Sergeant Maclachlan, from Edinburgh, has now claimed that mercy killings on the battlefield are routine.
He told the Mail on Sunday: "Of course they are. You would do the same.
"If I put you in that position and I gave you a gun, I put you through a battle so that you were in that mindset - mud, blood, and you see someone like that, you know you can't save them and they're pleading you for it, you'd pull the trigger yourself."
However, the former soldier acknowledged that such mercy killings were a legally murky area.
He added: "There's no law that says you can finish him off. None. You have not legal stature. It's murder. But we're human beings, we have compassion. We know how we would want to be treated in that place."
Another anonymous former soldier quoted by MoS said that mercy killings "are part of the job and role and are an unwritten rule". However, he added that Sergeant Maclachlan had "opened up Pandora's Box" by speaking about the issue publicly.

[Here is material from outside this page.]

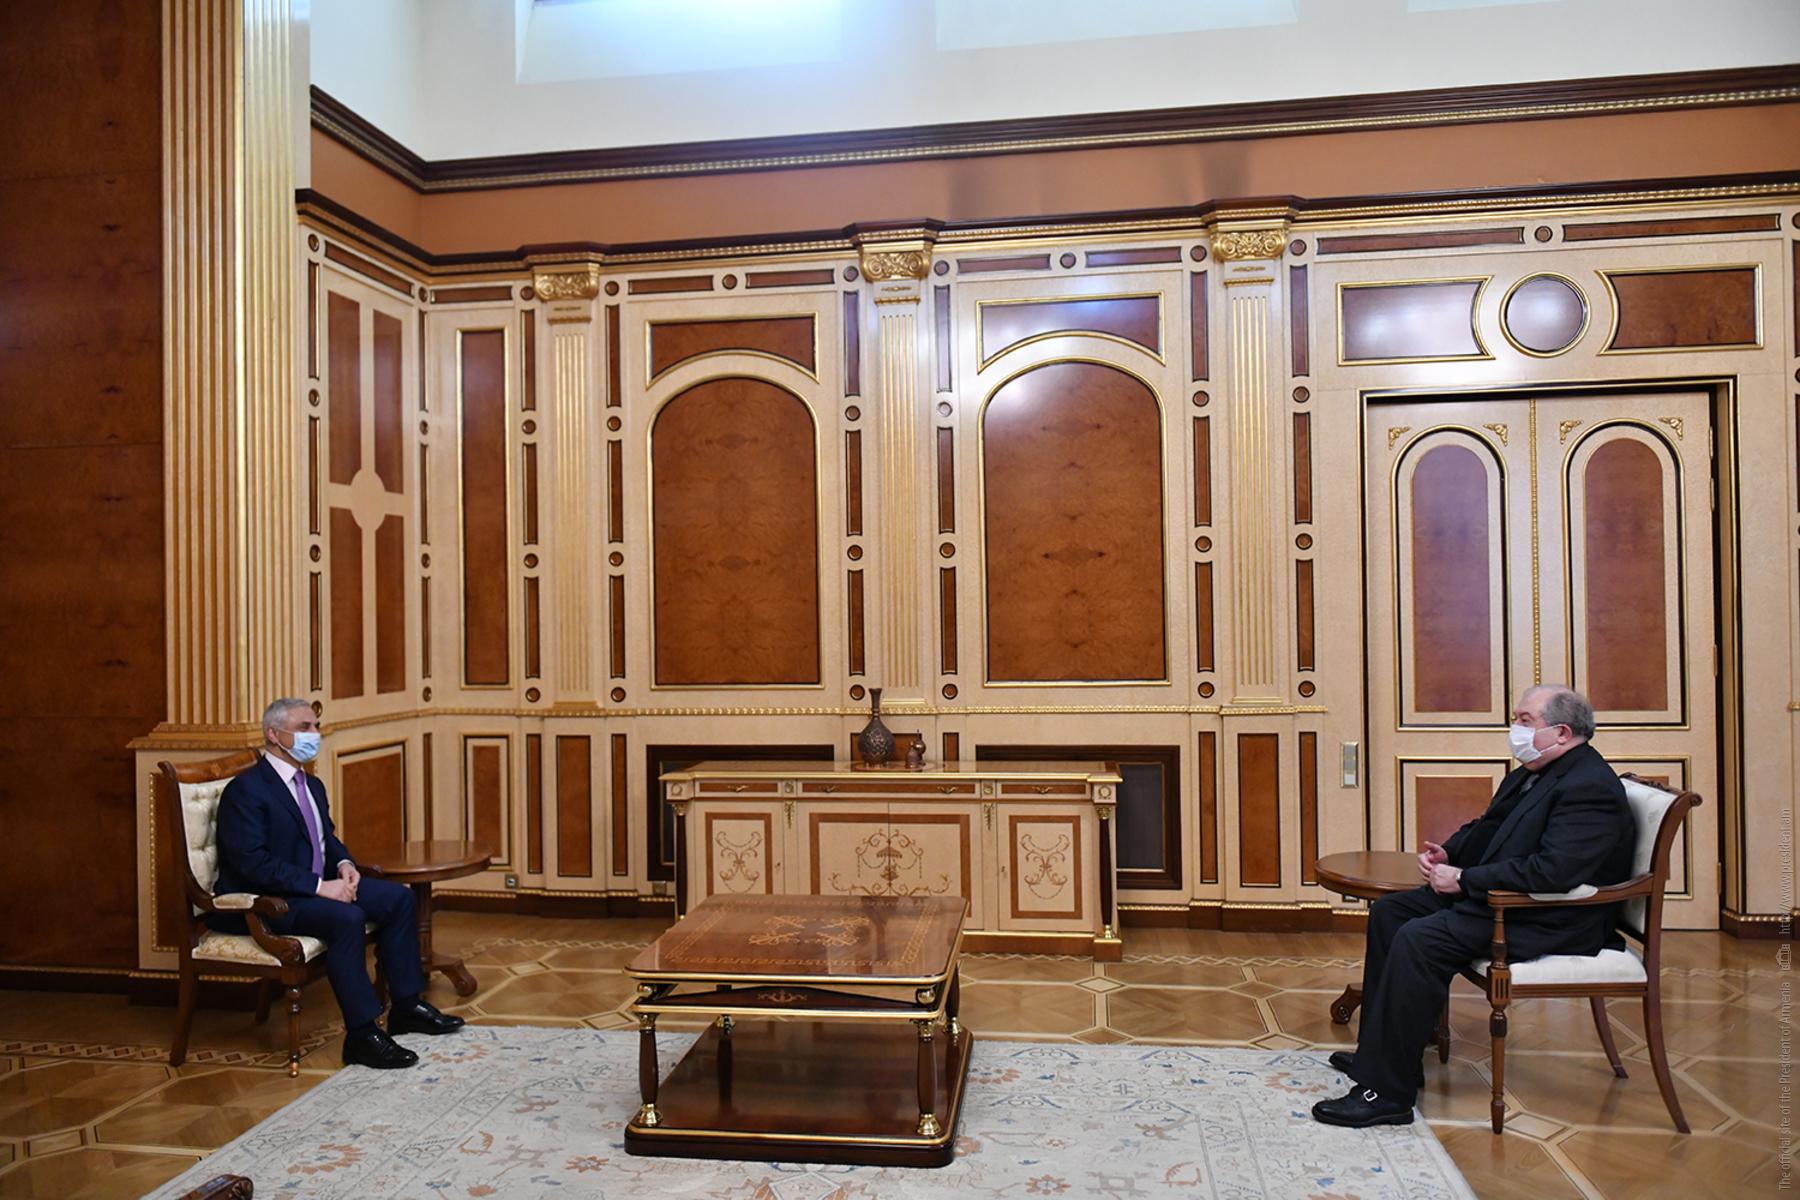 Photo of Արմեն Սարգսյանը հանդիպել է «Երրորդ ուժ» քաղաքացիական նախաձեռնության ներկայացուցիչ Արտակ Թովմասյանի հետ

A spokesman for the MoD said: "Our Armed Forces are held to the very highest standards and any credible allegations of criminal behaviour will always be investigated."
It comes after Sergeant Maclachlan was last week accused of lying about being taken hostage and tortured while working on an undercover SAS mission in Basra in 2005.
Fellow SAS men accused the former soldier of inventing the story, while the MoD also undermined the claims by confirming Sergeant Maclachlan had left the Army four months before the 2005 incident.